The overall logical flow of data in the system –

  • Information sources are depicted at the left. These encompass a variety of institutional, system and human actors potentially sending thousands of real time messages per hour or by sending over batch feeds.
  • A highly scalable messaging system to help bring these feeds into the RA Platform architecture as well as normalize them and send them in for further processing. Apache Kafka is a good choice for this tier. Realtime data is published by a range of systems over Kafka queues. Each of the transactions could potentially include 100s of attributes that can be analyzed in real time to detect business patterns.  We leverage Kafka integration with Apache Storm to read one value at a time and perform some kind of storage like persist the data into a HBase cluster.In a modern data architecture built on Apache Hadoop, Kafka ( a fast, scalable and durable message broker) works in combination with Storm, HBase (and Spark) for real-time analysis and rendering of streaming data. 
  • Trade data is thus streamed into the platform (on a T+1 basis), which thus ingests, collects, transforms and analyzes core information in real time. The analysis can be both simple and complex event processing & based on pre-existing rules that can be defined in a rules engine, which is invoked with Apache Storm. A Complex Event Processing (CEP) tier can process these feeds at scale to understand relationships among them; where the relationships among these events are defined by business owners in a non technical or by developers in a technical language.

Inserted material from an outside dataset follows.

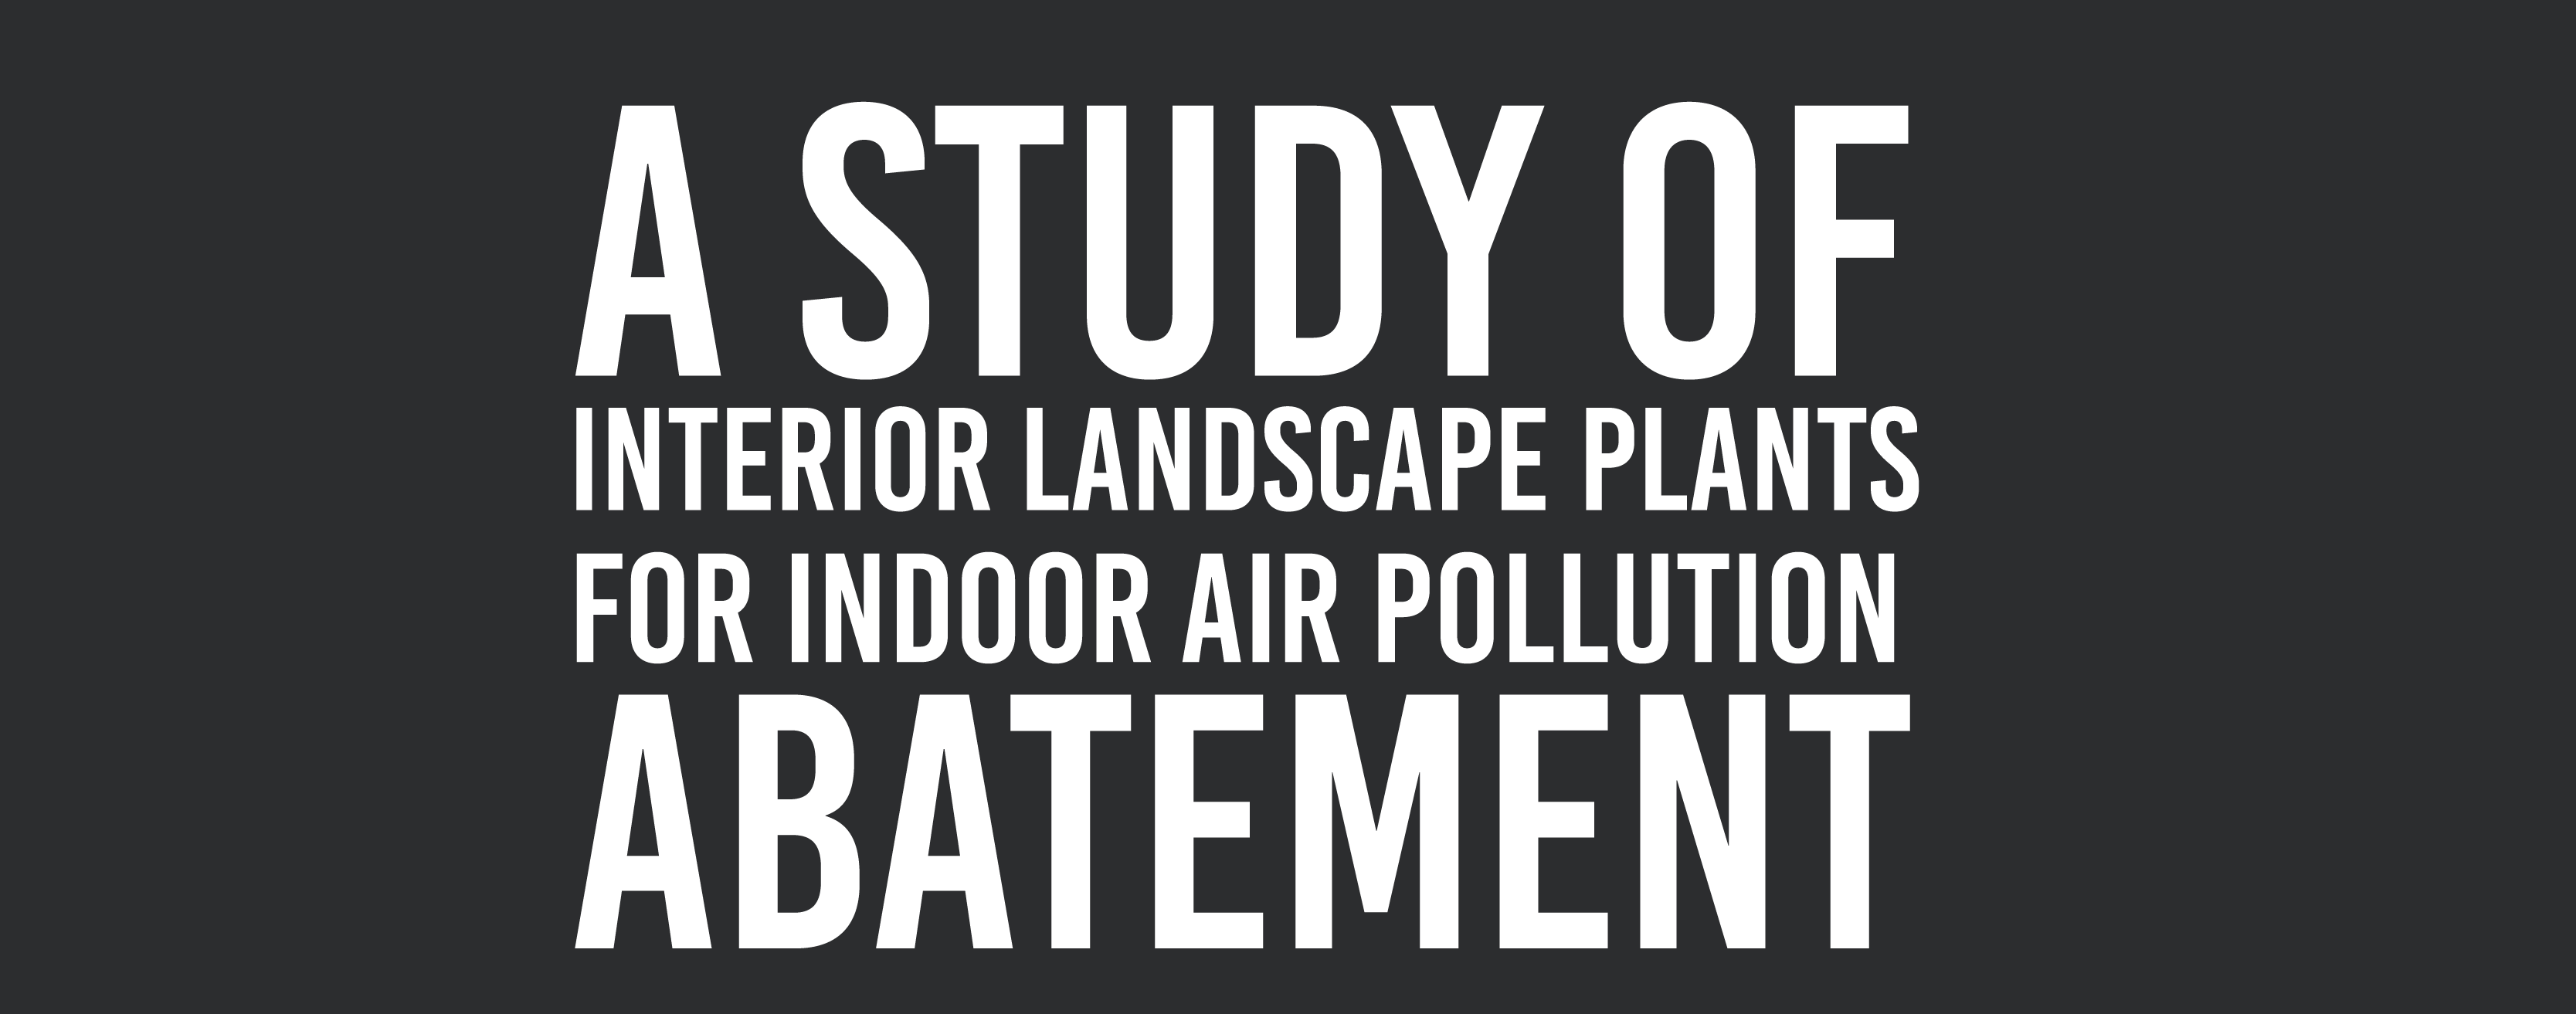 Interior Landscape Plants For Indoor, Interior Landscape Plants For Indoor Air Pollution Abatement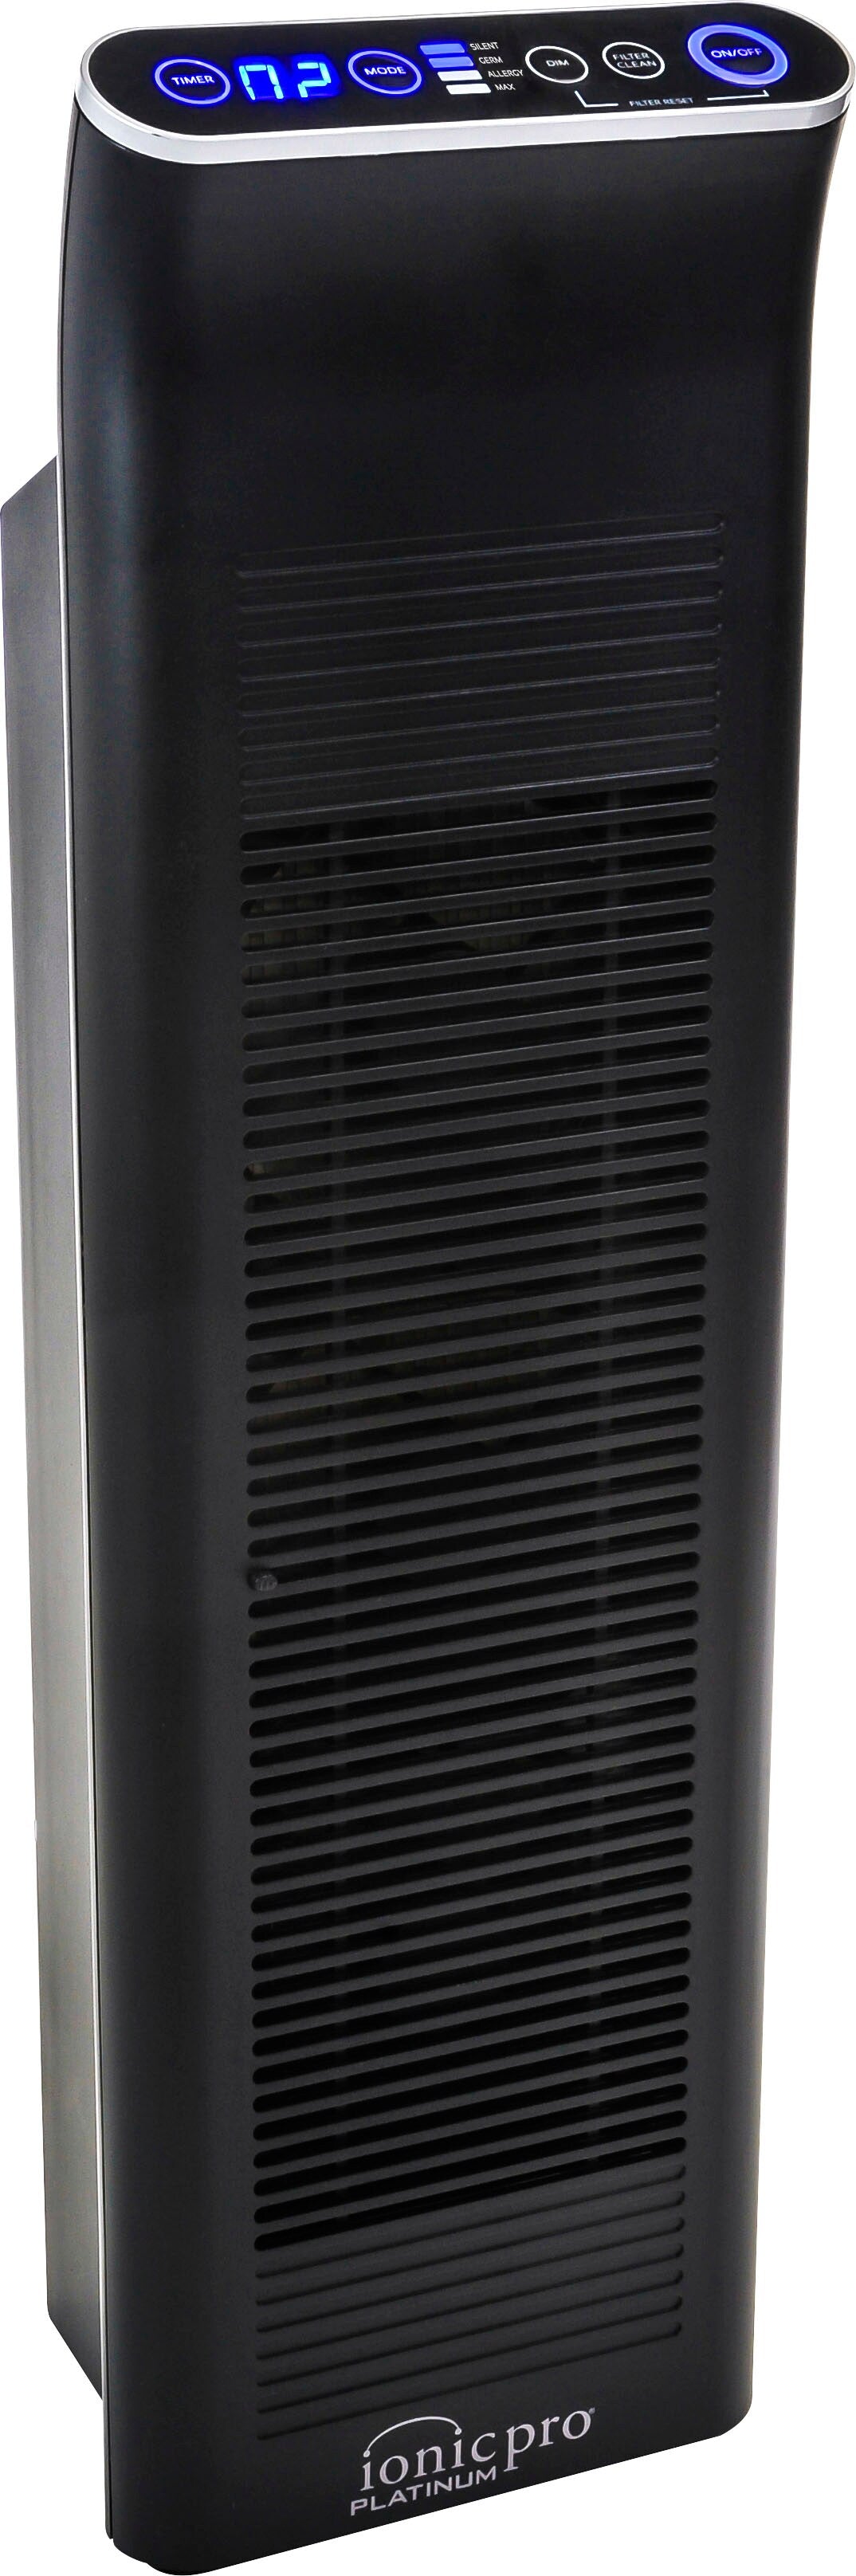 Envion - Ionic Pro Platinum TA750 Air Purifier - Black_5

Apache Storm integrates with Kafka to process incoming data. 
  • For Real time or Batch Analytics, Apache HBase provides near real-time, random read and write access to tables (or ‘maps’) storing billions of rows and millions of columns. In this case once we store this rapidly and continuously growing dataset from the information producers, we are able  to do perform super fast lookup for analytics irrespective of the data size.
  • Data that has analytic relevance and needs to be kept for offline or batch processing can be stored using the Hadoop Distributed Filesystem (HDFS) or an equivalent filesystem such as Amazon S3 or EMC Isilon or Red Hat Gluster. The idea to deploy Hadoop oriented workloads (MapReduce, or, Machine Learning) directly on the data layer. This is done to perform analytics on small, medium or massive data volumes over a period of time. Historical data can be fed into Machine Learning models created above and commingled with streaming data as discussed in step 1.
  • Horizontal scale-out (read Cloud based IaaS) is preferred as a deployment approach as this helps the architecture scale linearly as the loads placed on the system increase over time. This approach enables the Market Surveillance engine to distribute the load dynamically across a cluster of cloud based servers based on trade data volumes.
  • It is recommended to take an incremental approach to building the RA platform, once all data resides in a general enterprise storage pool and makes the data accessible to many analytical workloads including Trade Surveillance, Risk, Compliance, etc. A shared data repository across multiple lines of business provides more visibility into all intra-day trading activities. Data can be also fed into downstream systems in a seamless manner using technologies like SQOOP, Kafka and Storm. The results of the processing and queries can be exported in various data formats, a simple CSV/txt format or more optimized binary formats, json formats, or you can plug in custom SERDE for custom formats. Additionally, with HIVE or HBASE, data within HDFS can be queried via standard SQL using JDBC or ODBC. The results will be in the form of standard relational DB data types (e.g. String, Date, Numeric, Boolean). Finally, REST APIs in HDP natively support both JSON and XML output by default.
  • Operational data across a bunch of asset classes, risk types and geographies is thus available to investment analysts during the entire trading window when markets are still open, enabling them to reduce risk of that day’s trading activities. The specific advantages to this approach are two-fold: Existing architectures typically are only able to hold a limited set of asset classes within a given system. This means that the data is only assembled for risk processing at the end of the day. In addition, historical data is often not available in sufficient detail. Hadoop accelerates a firm’s speed-to-analytics and also extends its data retention timeline
  • Apache Atlas is used to provide Data Governance capabilities in the platform that use both prescriptive and forensic models, which are enriched by a given businesses data taxonomy and metadata.  This allows for tagging of trade data  between the different businesses data views, which is a key requirement for good data governance and reporting. Atlas also provides audit trail management as data is processed in a pipeline in the lake
  • Another important capability that Big Data/Hadoop can provide is the establishment and adoption of a Lightweight Entity ID service – which aids dramatically in the holistic viewing & audit tracking of trades. The service will consist of entity assignment for both institutional and individual traders. The goal here is to get each target institution to propagate the Entity ID back into their trade booking and execution systems, then transaction data will flow into the lake with this ID attached providing a way to do Client 360.
  • Output data elements can be written out to HDFS, and managed by HBase. From here, reports and visualizations can easily be constructed. One can optionally layer in search and/or workflow engines to present the right data to the right business user at the right time.  


As one can see clearly, though automated investing methods are still in early stages of maturity – they hold out a tremendous amount of promise. As they are unmistakably the next big trend in the WM industry industry players should begin developing such capabilities.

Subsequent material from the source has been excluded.